Titik-titik cahaya yang tersebar tak beraturan, tapi dapat menciptakan
keindahan. Bukan susunan yang ditata secara rapi dan teratur. Kadang definisi
manusia tak cukup mewakili sebuah makna.
"Emi. Teleskopnya sudah siap." Suara itu membuat Emilia
menoleh. Dia berjalan mendekat.
"Kenapa kau tidak tinggal saja di sini? Bukankah melelahkan
harus menempuh jarak yang cukup jauh setiap hari hanya untuk datang ke bukit
ini?" tanya Emilia. Mata beriris birunya tengah sibuk mengintip lensa
teleskop.
"Aku tak punya rencana untuk menetap. Lagi pula ...."
Kalimatnya menggantung.
"Lagi pula?" tanya Emilia. Kali ini dia menatap lekat
lawan bicaranya.
"Ada vila kecil yang biasa kugunakan untuk bermalam jika
terlalu lelah." Kalimat itu ditutup oleh seulas senyum yang memamerkan
jajaran gigi yang putih terawat. Emilia terkesima.
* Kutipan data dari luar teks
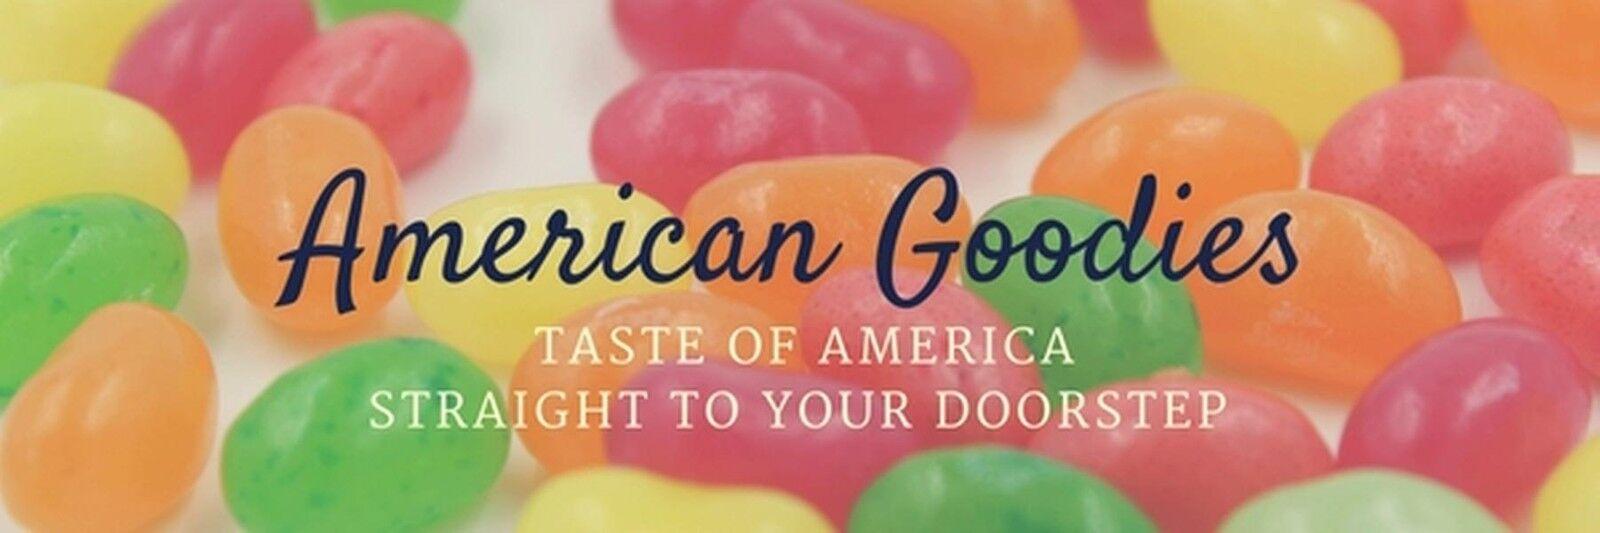 AmericanGoodiesUK

Malam ini bulan bergerak lambat. Sepertinya dia tak ingin
ketinggalan untuk unjuk gigi dari cahaya-cahaya kecil di sekelilingnya. Scorpio
mulai meredup dan perlahan hilang. Bersamaan dengan itu, sang pemburu, Orion,
muncul membelah langit. Mata Emilia tak lepas dari teleskop berwarna putih itu.
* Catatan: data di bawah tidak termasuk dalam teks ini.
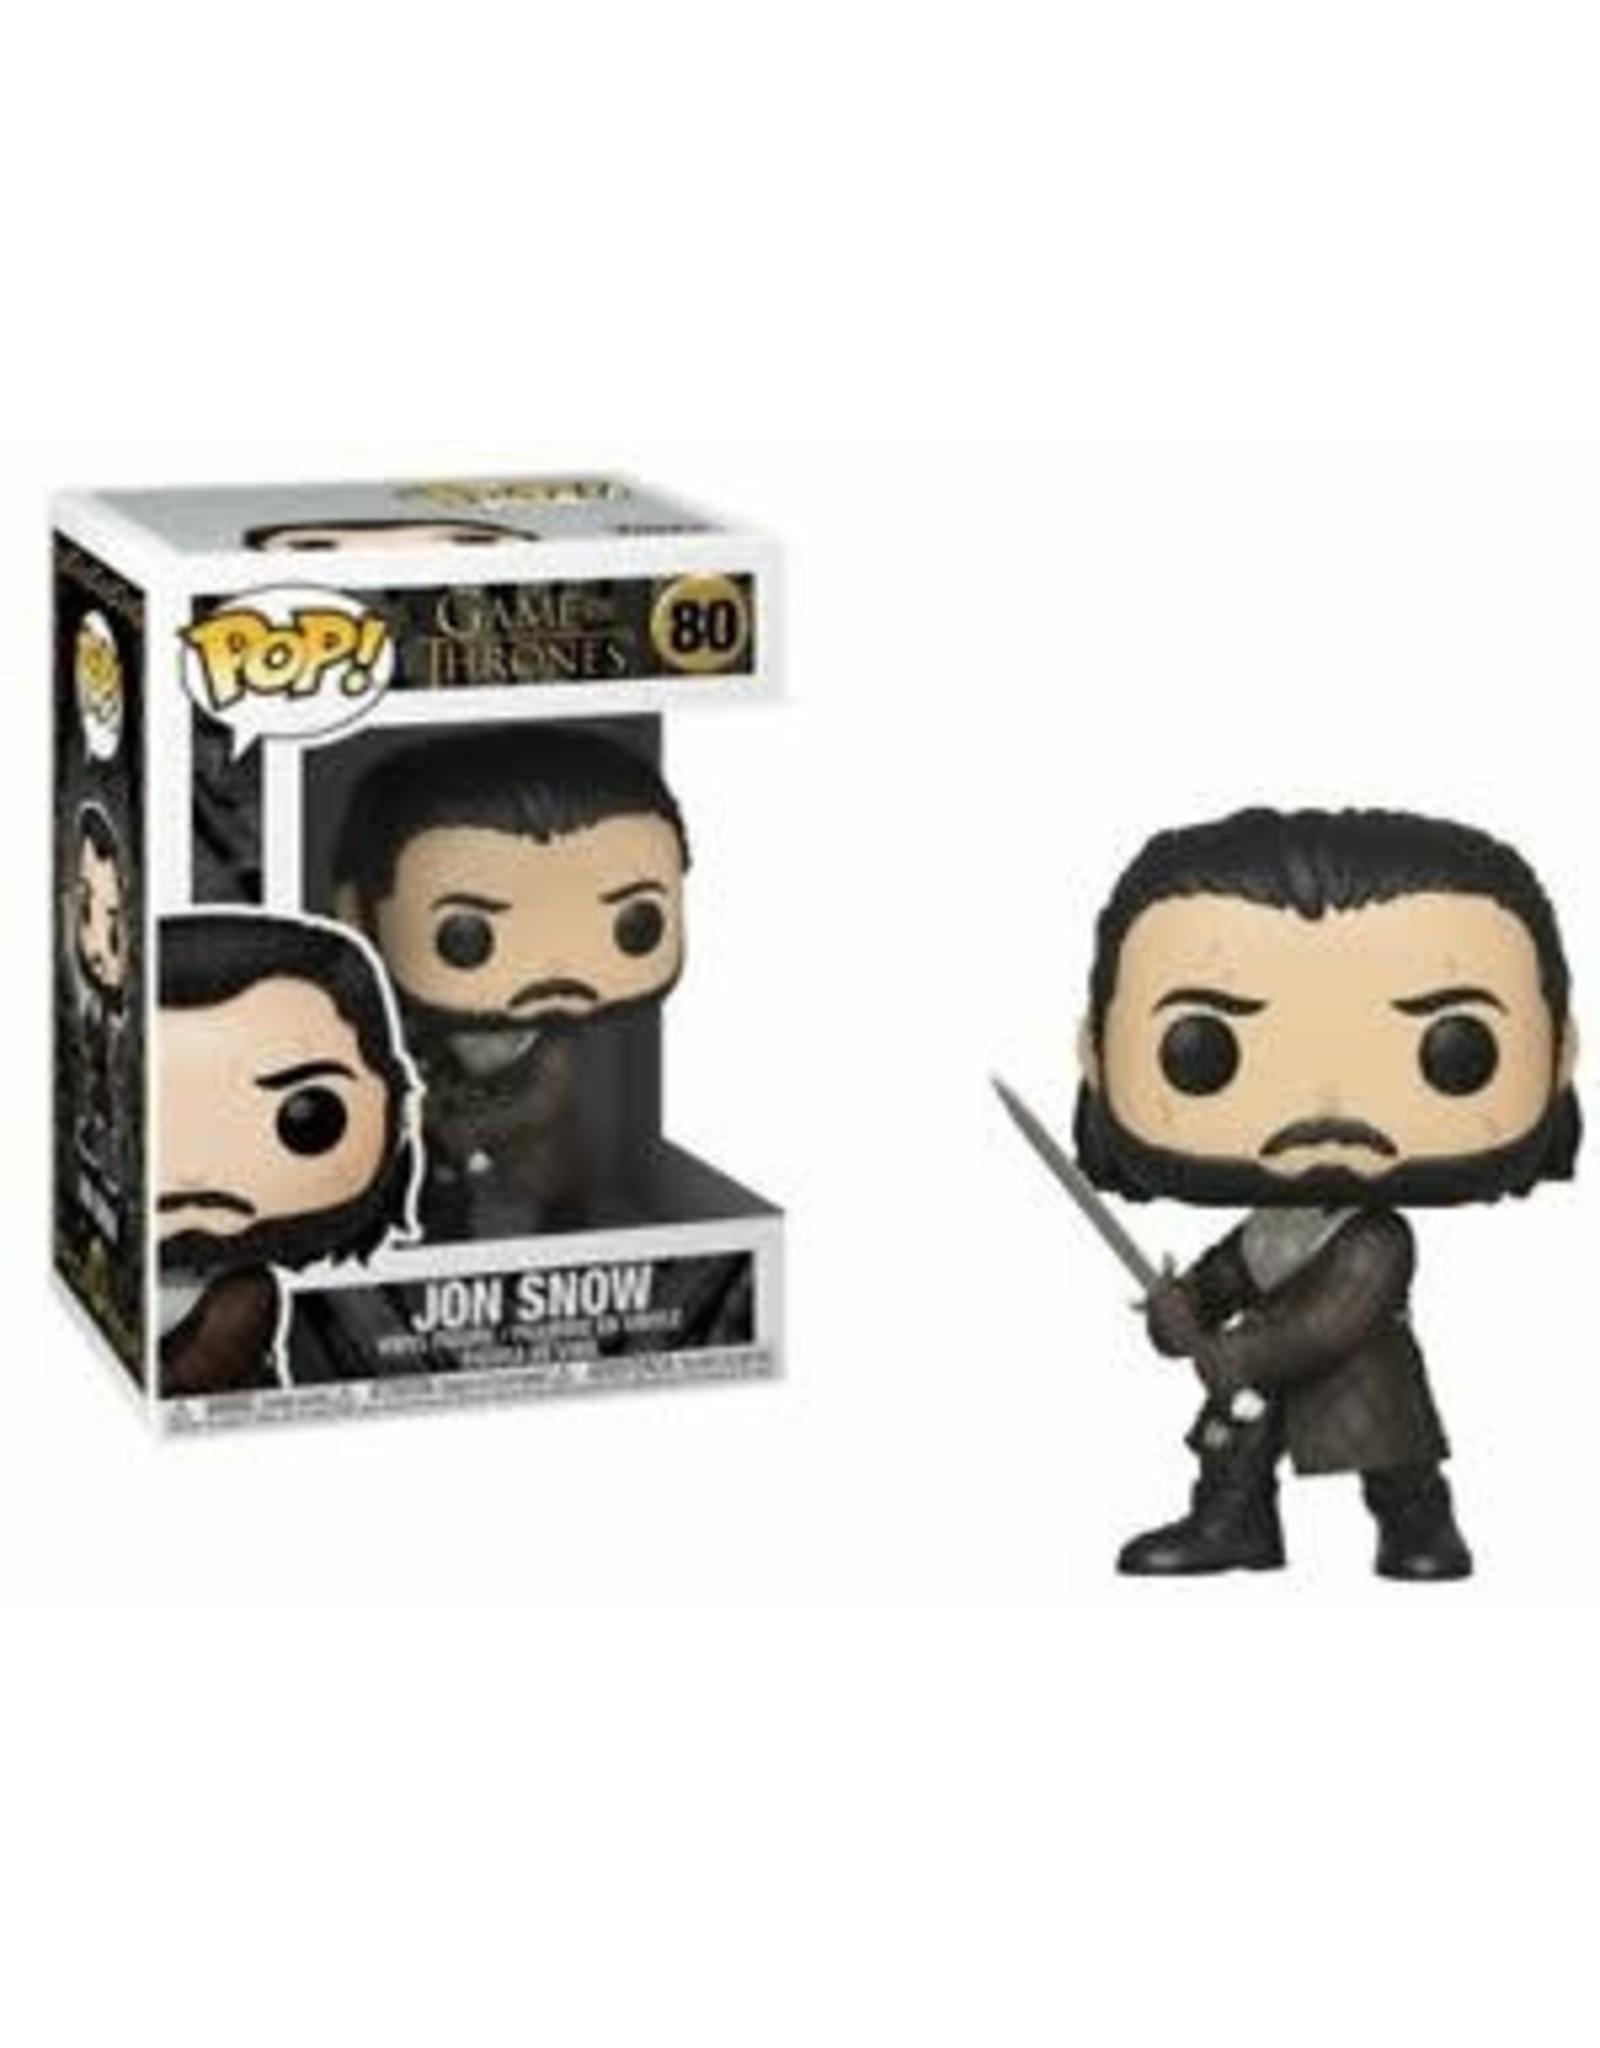 Game of Thrones POP! Television Vinyl Figure Jon Snow 9 cm

Setelah puas melihat kilatan meteor orionid yang saling berlomba, Emilia
merebahkan dirinya ke rerumputan. Menatap nanar ke arah bintang yang begitu
jauh jaraknya.
"Bintang adalah cahaya dari masa lalu." Emilia
menggumam.
"Karena mereka bisa saja sudah mati dan yang kita lihat saat
ini adalah hasil pantulan cahaya yang baru tiba dari masa lalu, bukan?"
timpal sosok yang ada di sebelah Emilia. Emilia mengangguk.
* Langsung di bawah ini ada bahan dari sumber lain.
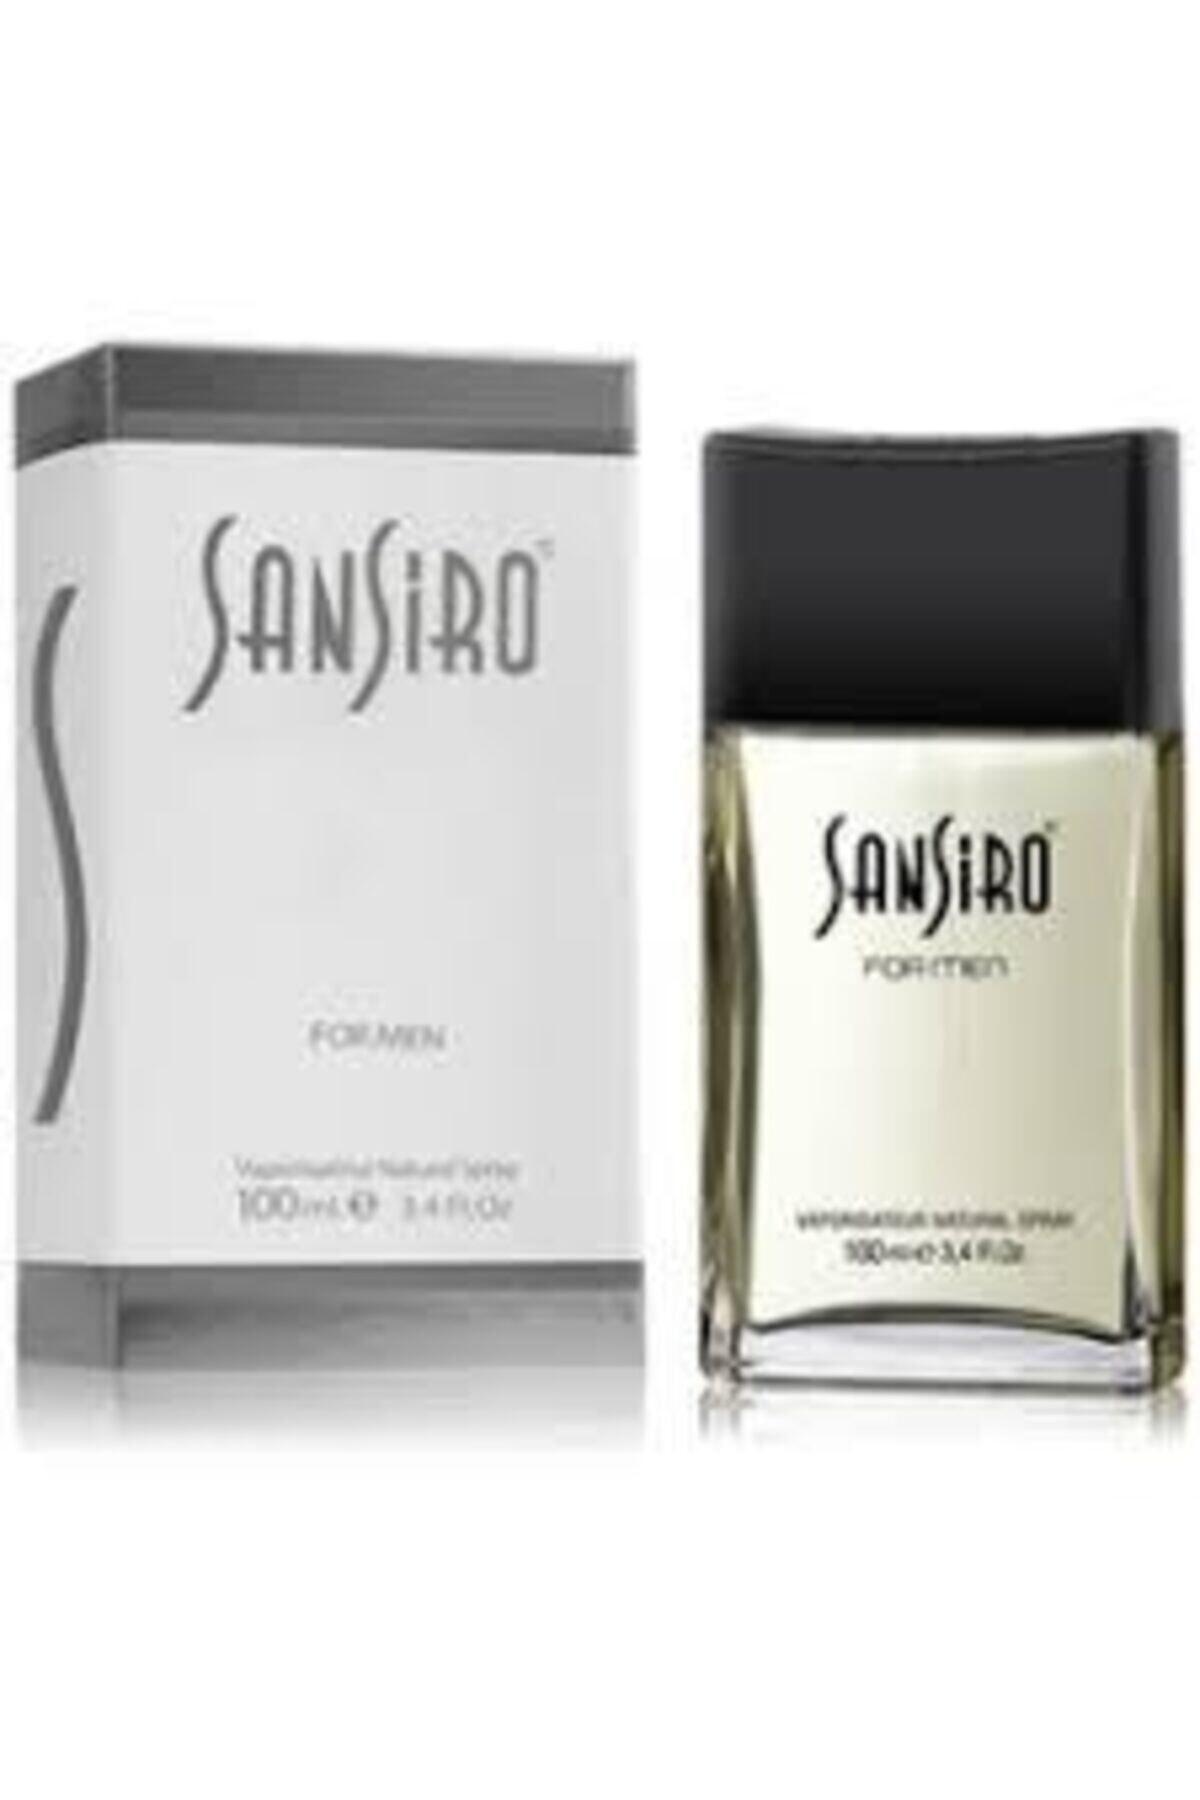 Sansiro Erkek Parfüm 100 ml E-6 1

"Tolong temani aku sampai Venus muncul," ucap Emilia
tanpa memalingkan wajahnya.
"Tapi ... bagaimana dengan teman-temanmu? Tentu mereka akan
khawatir jika kau tidak kembali."
"Saga, aku mohon." Ada air mata yang tumpah. Membuat
suasana semakin hening.
"Bahkan cahaya tercepat pun membutuhkan waktu untuk bisa
menjangkau sebuah jarak. Setidaknya, beri aku sedikit waktu untuk bisa menutup
jarak kita." Emilia terisak.
"Bahkan jika aku memberikan seluruh waktuku, hal itu tidak
akan pernah cukup untuk memangkas jarak kita," kata Saga sambil masih
menatap langit.
"Saga ...."
"Maaf," kata Saga sambil mengusap kedua matanya,
"aku akan menemanimu, malam ini. Hingga Venus muncul."
***
"Emi, apa kau yakin? Di sini gelap sekali. Aku takut,"
tanya Rika gemetaran.
"Kita sebentar lagi sampai. Ah, itu dia!" Emilia
menunjuk ke arah sebuah vila berwarna putih. Di sekelilingnya terdapat berbagai
macam tanaman hias. Begitu bersih dan terawat. Lampu terasnya menyala,
sementara bagian dalamnya nampak gelap sempurna.
Setelah menarik napas lalu membuangnya, Emilia mendorong pintu
ganda tersebut. Tak terkunci. Dengan lancar, pintu itu terbuka. Cahaya bulan
yang tak lagi penuh menerobos ke dalam ruangan besar itu, seolah membantu
Emilia menemukan saklar lampu yang ada di dinding sebelah kanan.
"Klek." Saklar tersebut memicu lampu kristal di
langit-langit tengah ruangan menyala. Menyingkap tabir temaram, menampakkan
pemandangan sebuah ruangan layaknya ruang tamu. Emilia terdiam. Sementara Rika
yang baru saja melangkah masuk hanya bisa menahan napasnya. Meski hanya tipis,
ruangan tersebut cukup berdebu. Kain-kain putih yang menutupi meja, kursi, dan
berbagai interior lain terlihat kusam. Kepala Emilia berdenyut sementara
pandangan matanya mulai kabur. Dia merasakan sesuatu yang tak beres dalam
kepalanya, seperti ada sebuah film yang masuk ke dalam pikirannya. Membuat
kedua mata Emilia memanas dan mulai berair.
"Emi," panggil Rika yang merasa khawatir. Dia berjalan
mendekati Emilia yang masih diam sambil memegangi kepalanya.
Emilia menoleh ke arah Rika. Air matanya jatuh ketika berujar,
"Rika, aku mengingatnya. Dia ... seseorang yang sangat penting."